I cannot too strongly emphasize the advantages, as I see them from this angle, of adopting the procedure set forth in point 3. The offer of the Turkish Government to solve the problem in this way—namely by a [Page 808] brief and simple treaty according mutual unconditional most-favored-nation treatment in customs matters and with a new modus vivendi providing time for ratification—is a more favorable offer than I had expected. Should the Department find in December that sentiment in the Senate rendered it inadvisable to submit the treaty at that moment for the Senate’s consideration, the Turkish Government might well be persuaded to seek legislation which would permit still further a continuation of our commercial relations uninjured. In other words, I believe that delay in obtaining ratification of a treaty would probably create a less unfavorable impression upon the Turkish Government than would a refusal on our part to negotiate any commercial treaty at all.

Furthermore, should such a simple and advantageous commercial treaty be approved by the Senate, would this not favorably pave the way for the eventual submission to that body of other instruments effectually regularizing the general relations between the United States and the Turkish Republic?

In determining the relative merits of the three procedures outlined above, the Department will of course give full weight to the powerful leverage which we have in our hands, the importance of which I do not at all underestimate, namely that Turkey cannot afford, either from the material or the moral point of view, to antagonize the Government of the United States. Apart from Turkey’s important trade with the United States, her exports to the United States being three to four times as great as the exports of the United States to Turkey, the Turkish Government knows that when the time comes to seek capital and other assistance abroad, it will instinctively turn to the United States as the politically most disinterested Power, and the Power of whose motives Turkey has less suspicion than of the motives of any other Power. Apart from this element, the moral effect of a commercial break with the United States would be damaging to Turkey’s prestige.

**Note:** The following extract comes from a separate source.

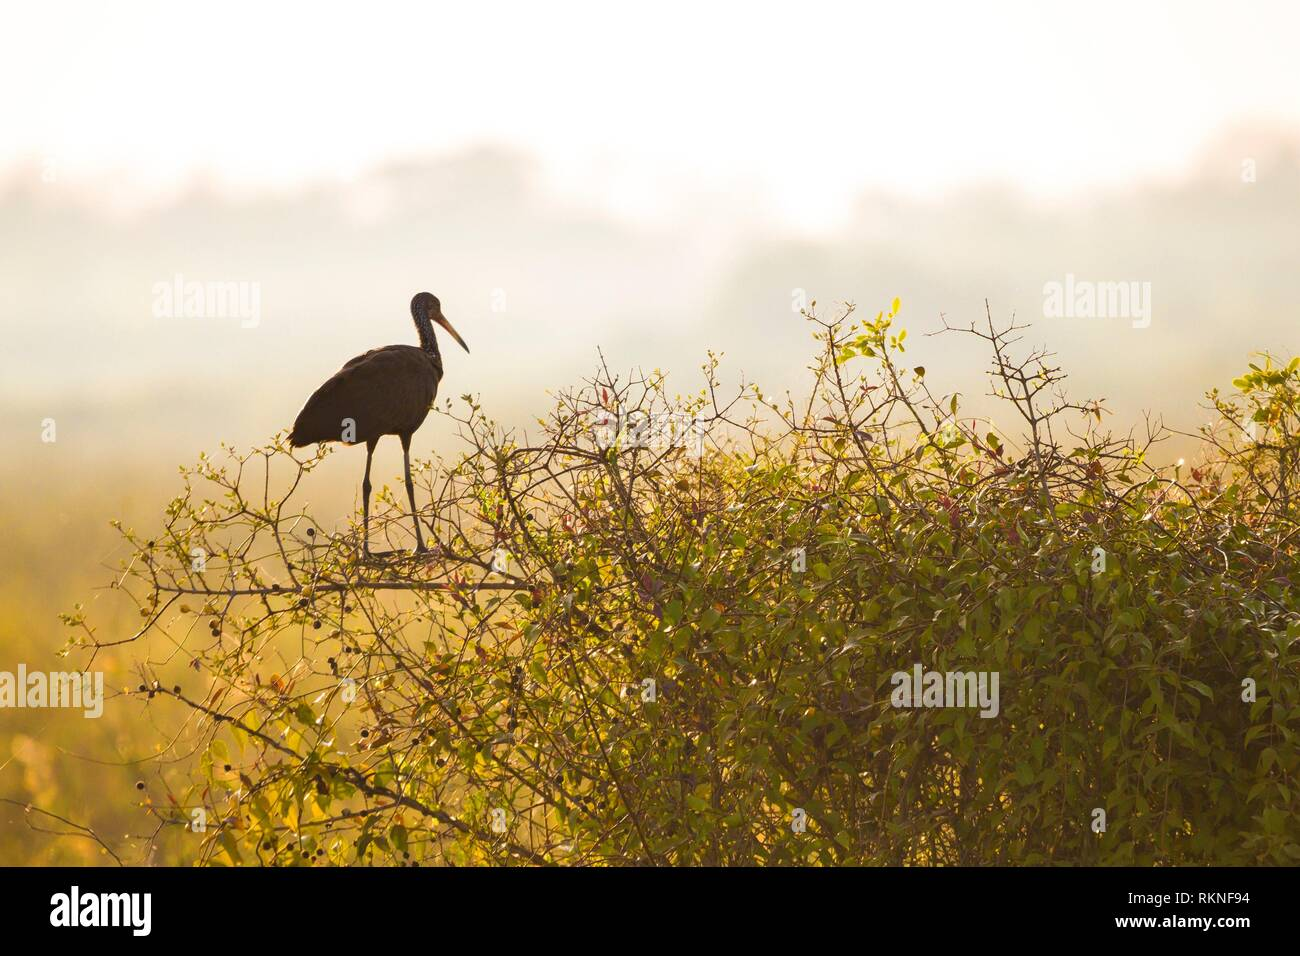 Limpkin, Aramus guarauna, Mato Grosso, Pantanal, Brazil. Stock Photo
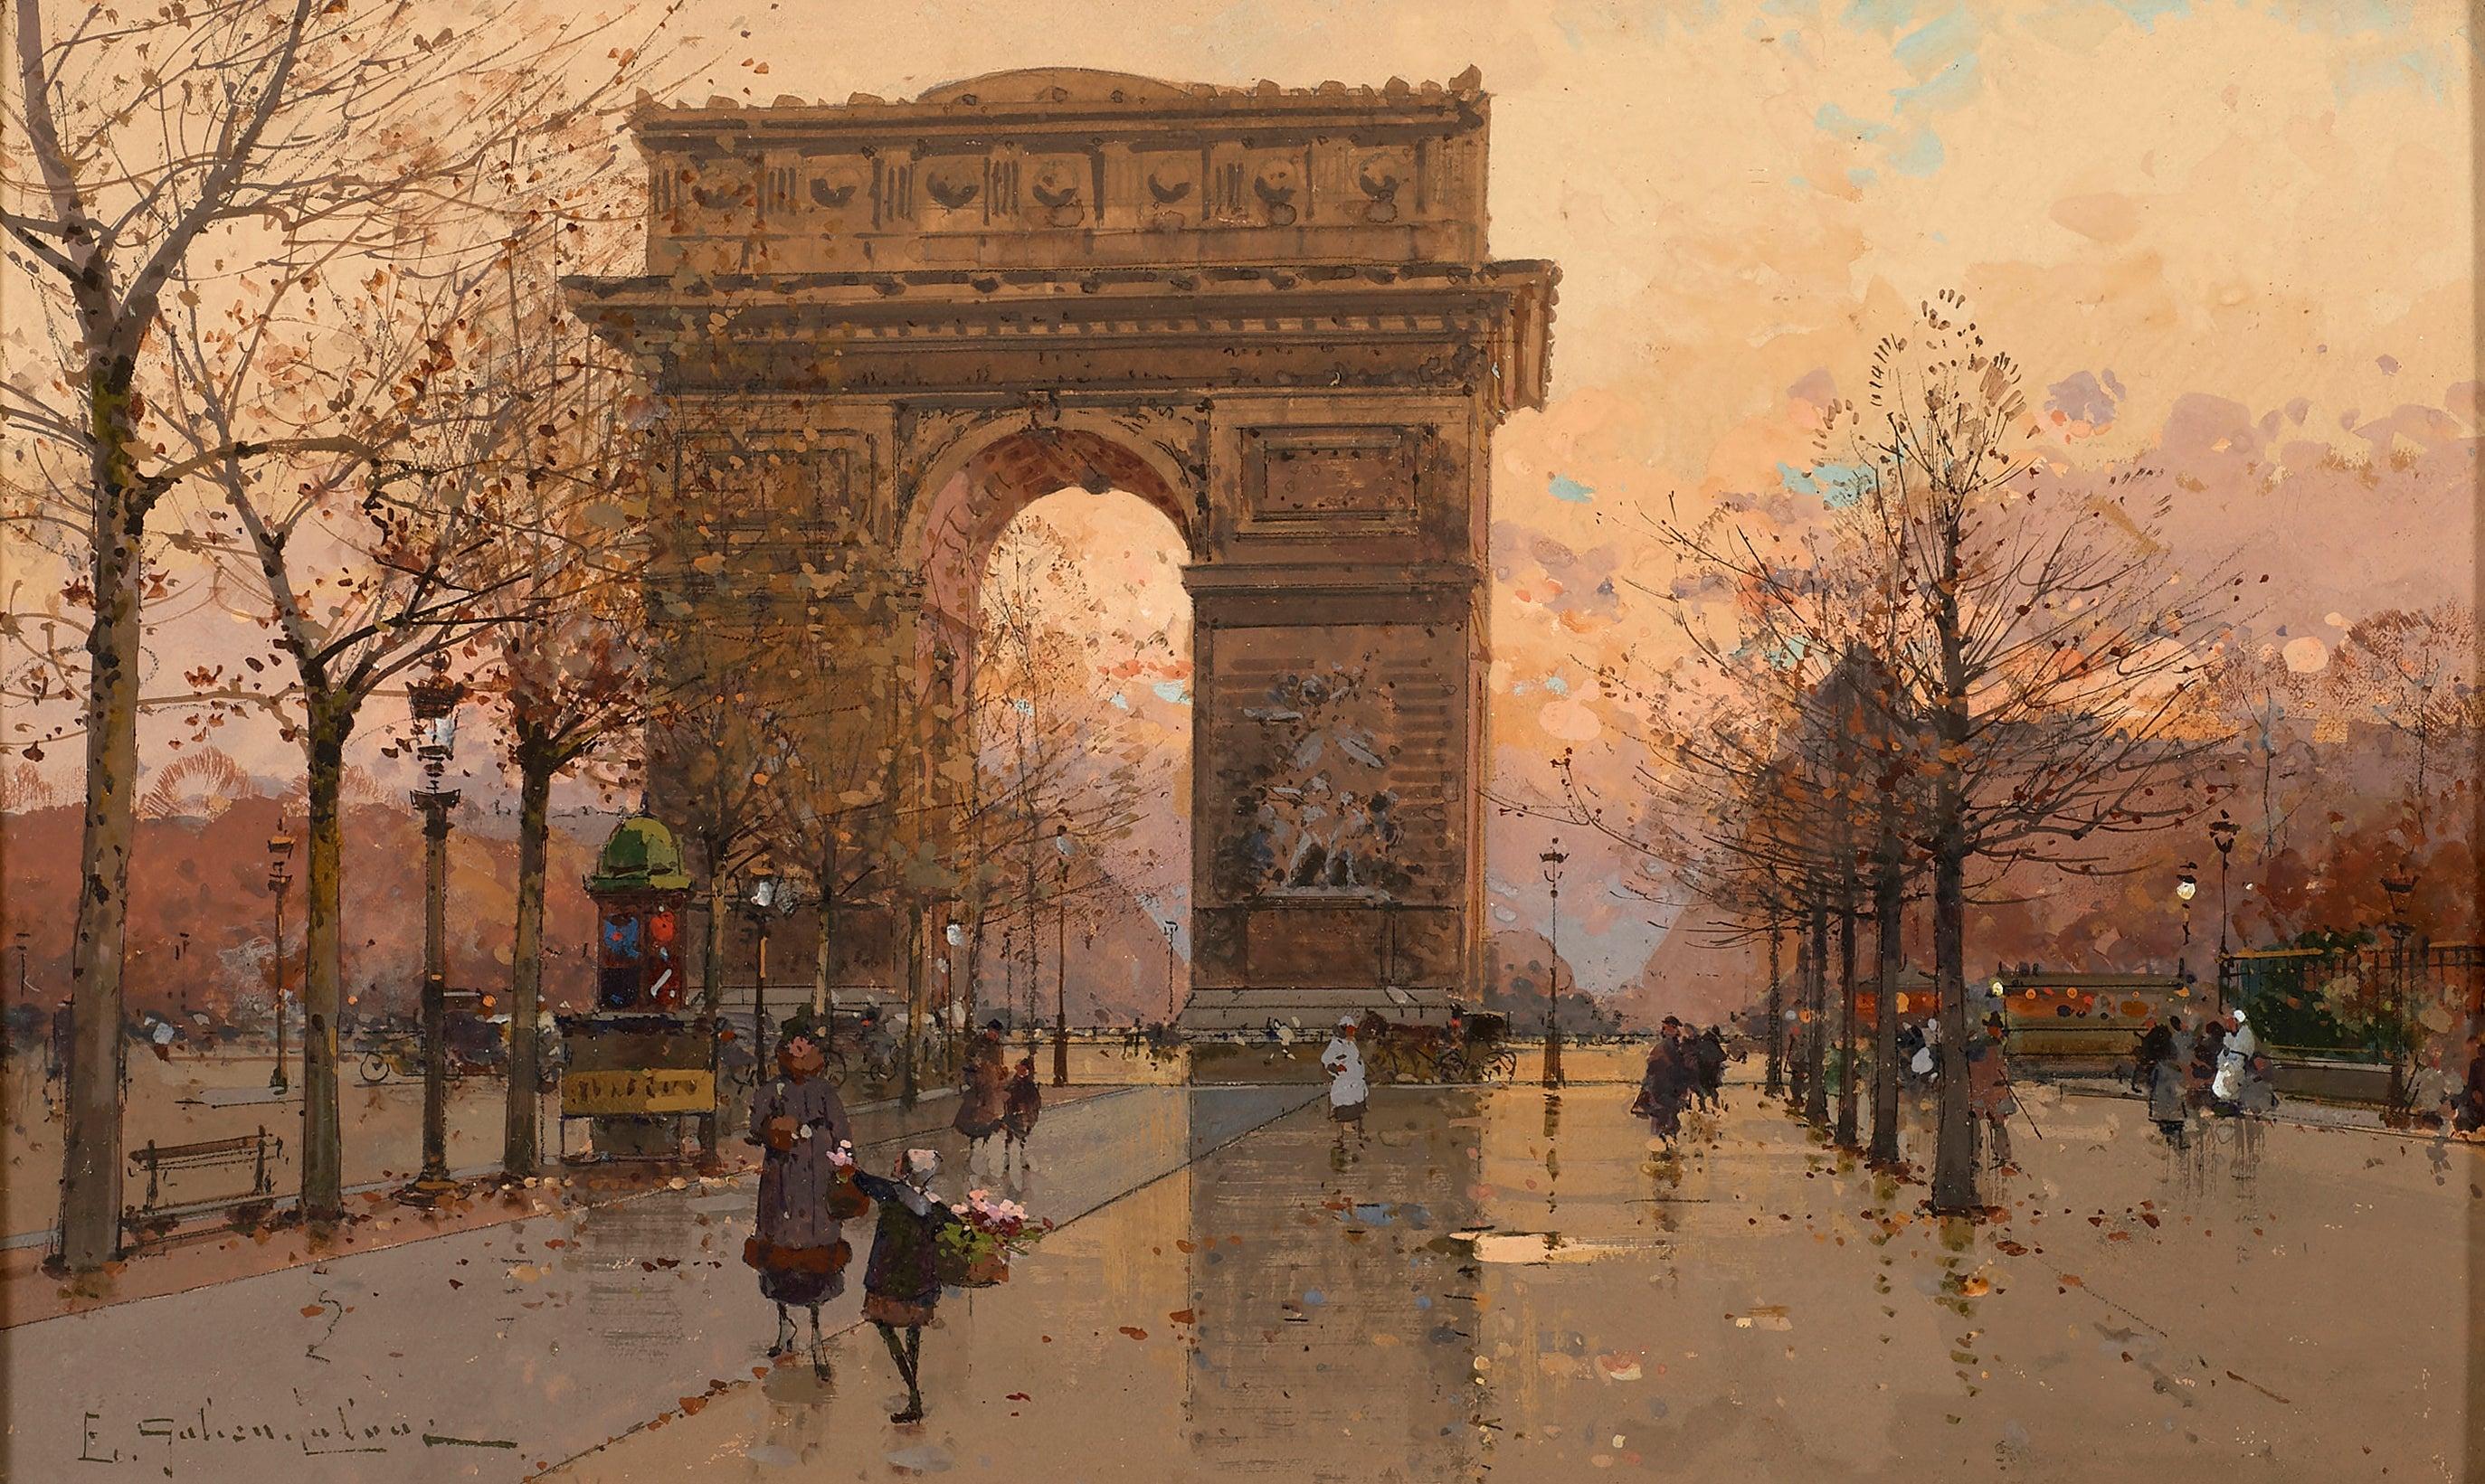 'Sunset at the Arc de Triomphe' Parisian street scene of Paris with figures

Thus far there has been no debate with the Minister for Foreign Affairs—merely an exchange of views. If therefore the Department feels that its own proposal is distinctly more desirable from the point of view of American interests than the proposal of Tevfik Rüştü Bey, in spite of the important concession already obtained from him in the type of treaty proposed, I am fully prepared to press the Department’s wishes with every available argument, based on the underlying leverage which I have set forth above, in order to further what the Department may conceive to be the best interests of the United States Government.

Respectfully requesting telegraphic instructions on the foregoing points,

I have [etc.]

Joseph C. Grew
  1. Ibid., p. 962.
  2. Not printed.
  3. Not printed.
  4. Also known as Tewfik Rouschdi Bey.
  5. See notes exchanged May 19, 1928, Foreign Relations, 1928, vol. iii, pp. 953954.
  6. Signed July 24, 1923; League of Nations Treaty Series, vol. xxviii, p. 171.
  7. Foreign Relations, 1927, vol. iii, p. 765.
  8. Excerpt from the Law No. 691 of December 12, 1925: “Provisional agreements are effective for a maximum period of six months and can be renewed a second time, by decision of the Council of Ministers”. Excerpt from the Law No. 1005 of April 10, 1927: “While awaiting the conclusion and ratification of a definite treaty of commerce with any foreign State, the Council of Ministers is authorised to conclude, with that State, provisional agreements for a period not exceeding two years”.[Footnote in the original.]
  9. Foreign Relations, 1923, vol. ii, p. 1153.
  10. See ibid., 1927, vol. iii, pp. 765 ff.
  11. Charles E. Allen, Consul at Constantinople.
  12. Julian Gillespie, Commercial Attaché.